→ Given data
=== Begin Enclosure ===
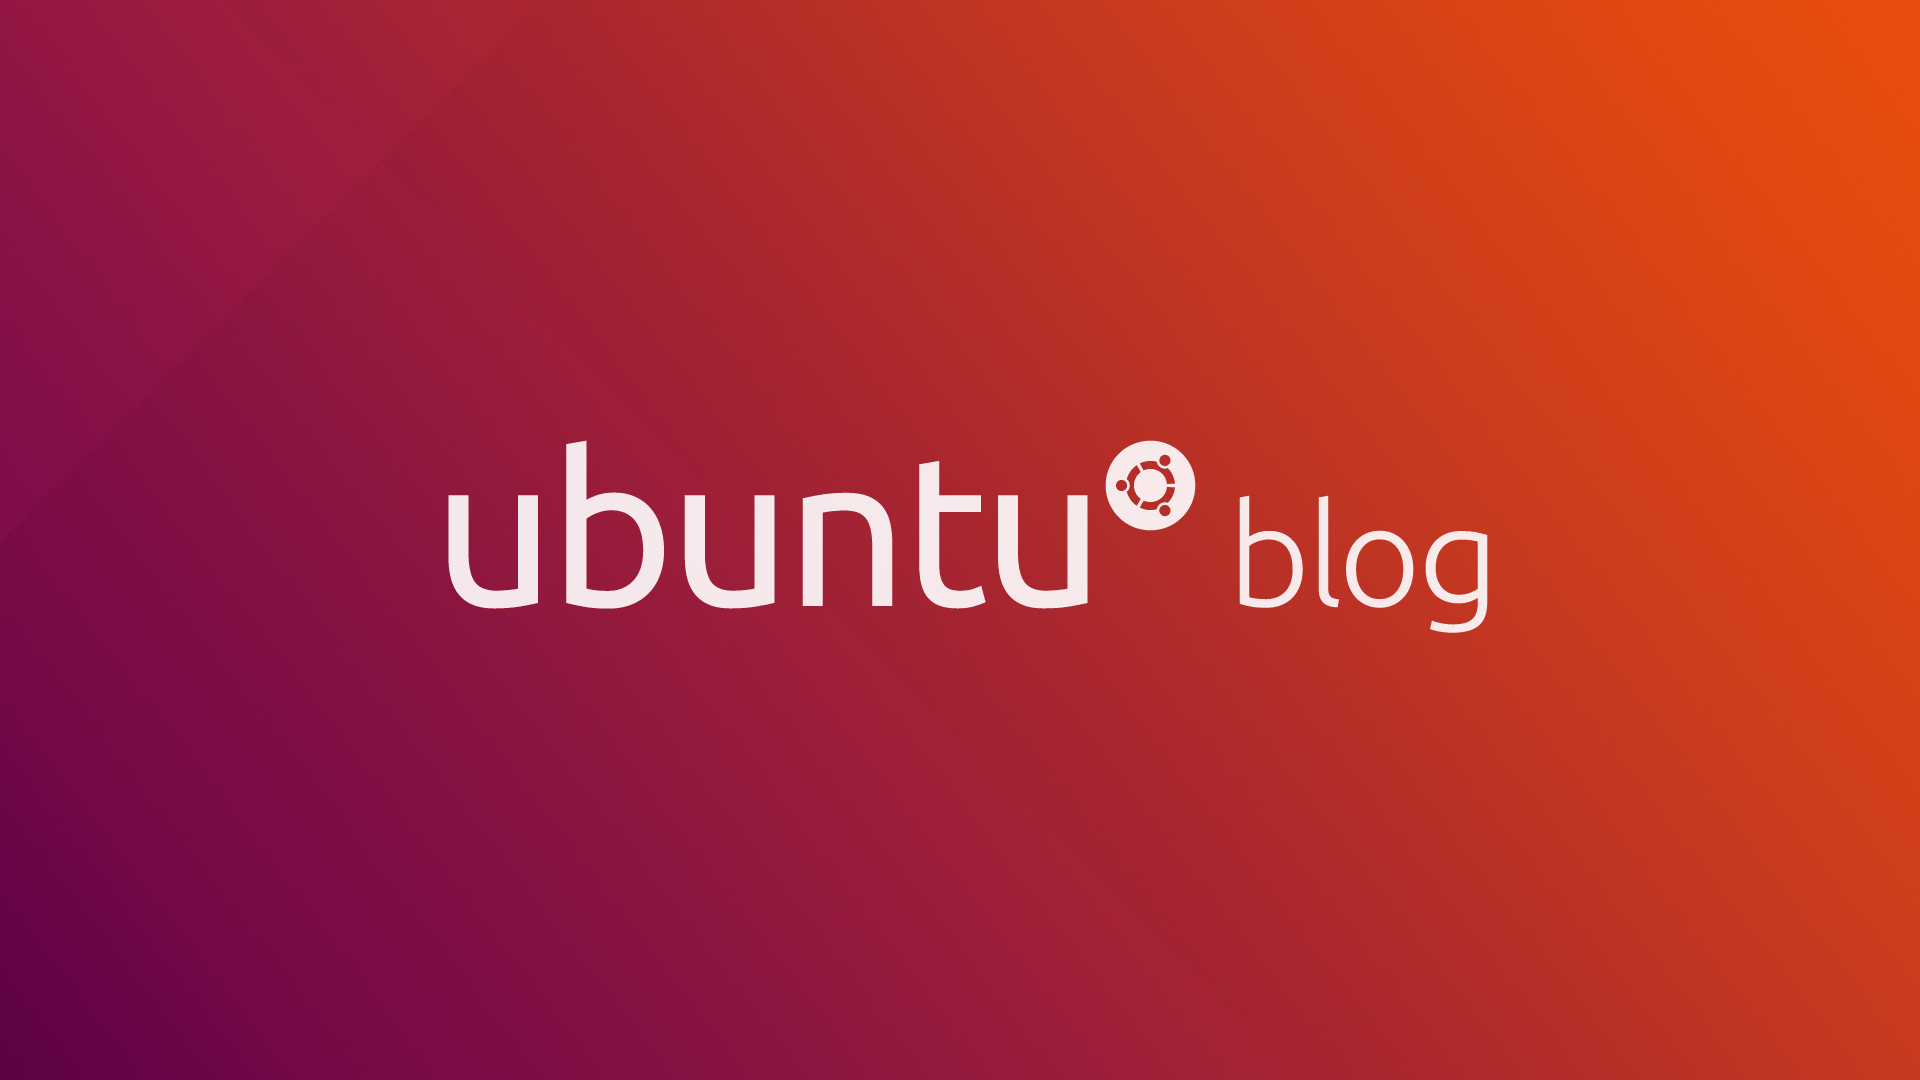 Ubuntu blog
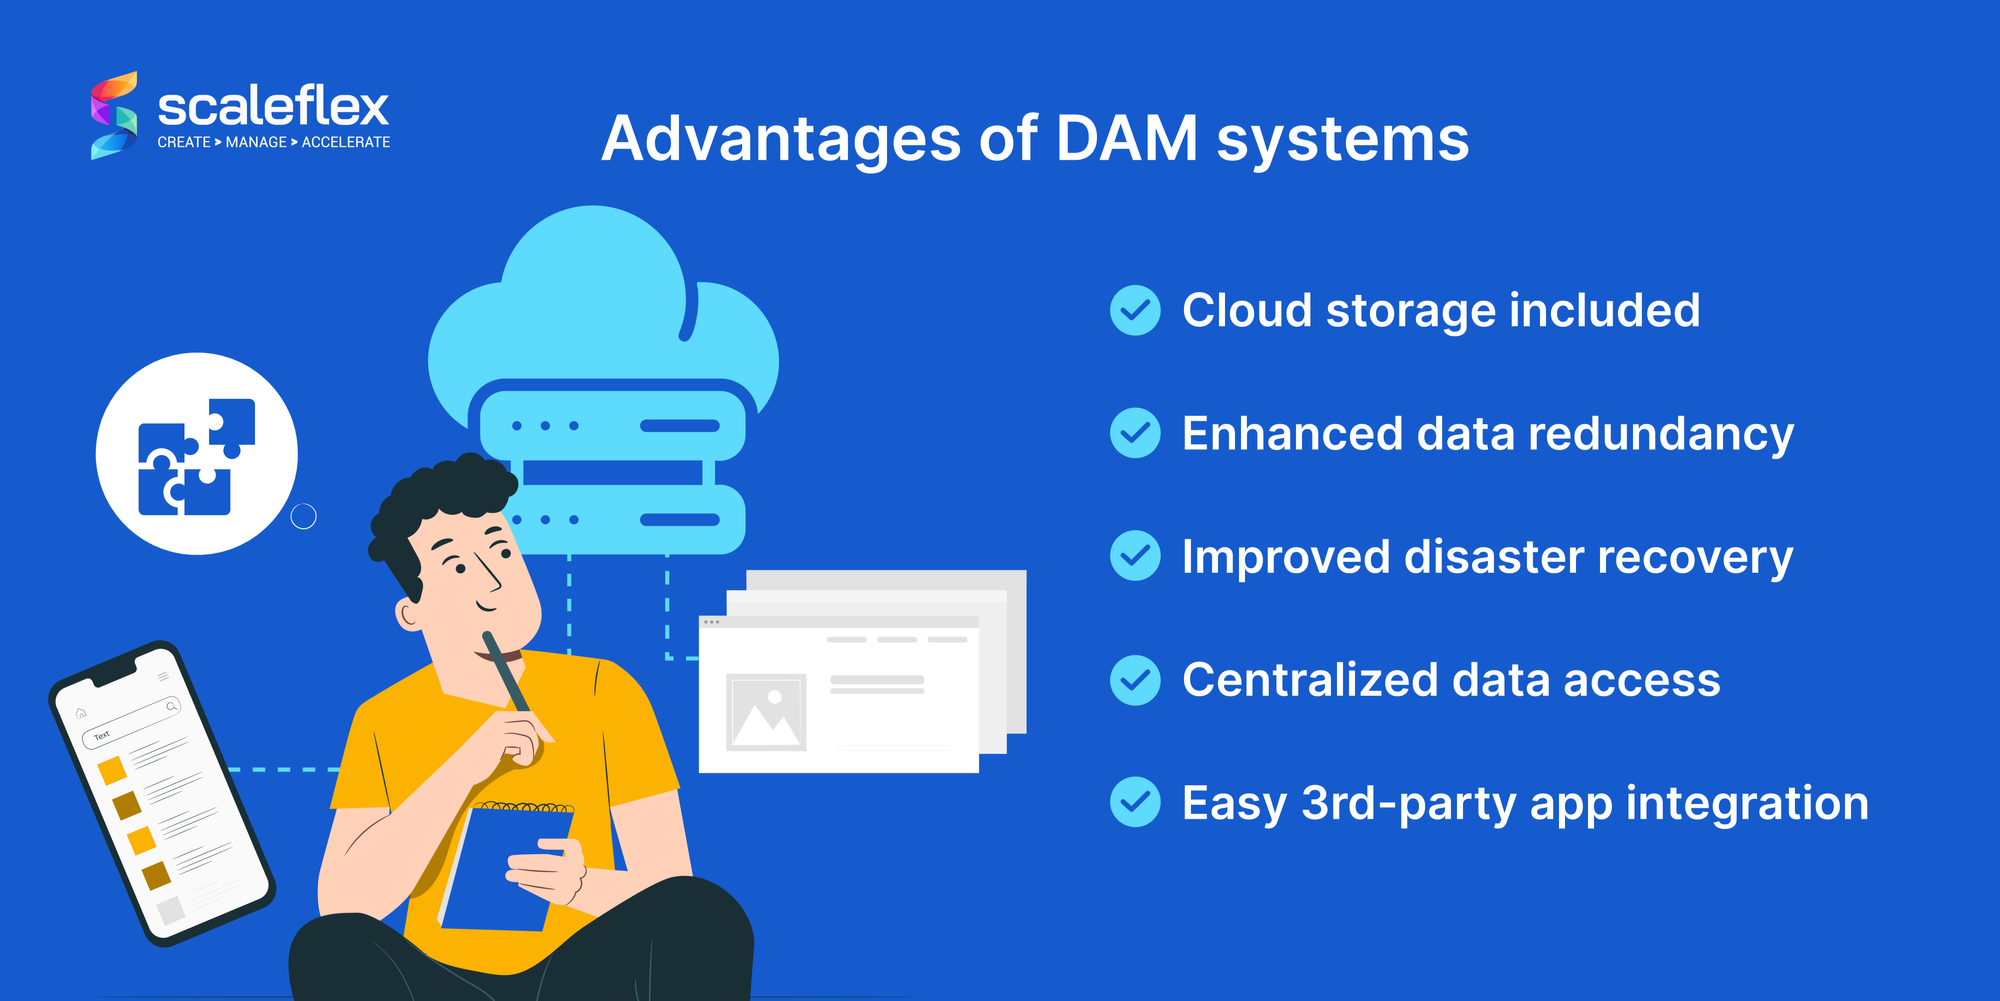 A succinct list of 5 key elements that place DAM as the more advantageous solution for data storage.
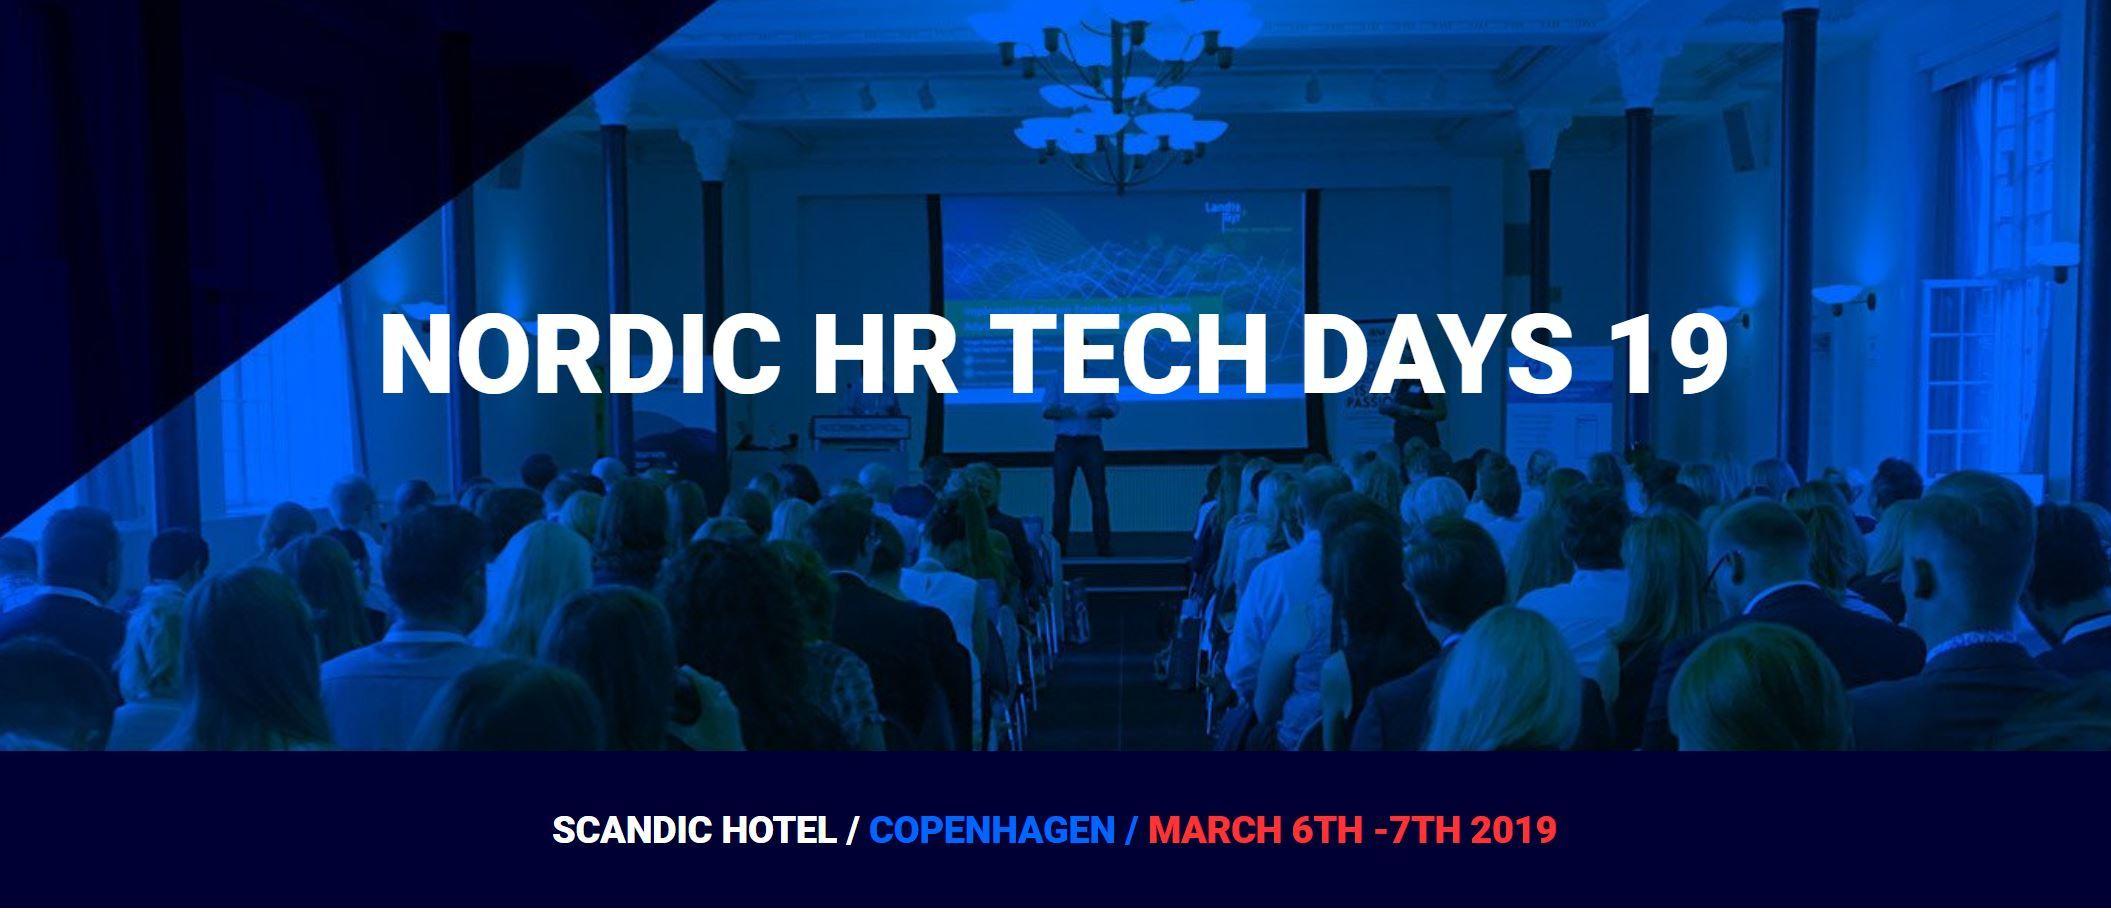 The magic happens @Nordic HR Tech days Copenhagen
=== End Enclosure ===
→ Your objective
Would you restate the listing word for word without its pictures?

→ Reply to the exercise
 Ubuntu blog
 A succinct list of 5 key elements that place DAM as the more advantageous solution for data storage.
 The magic happens @Nordic HR Tech days Copenhagen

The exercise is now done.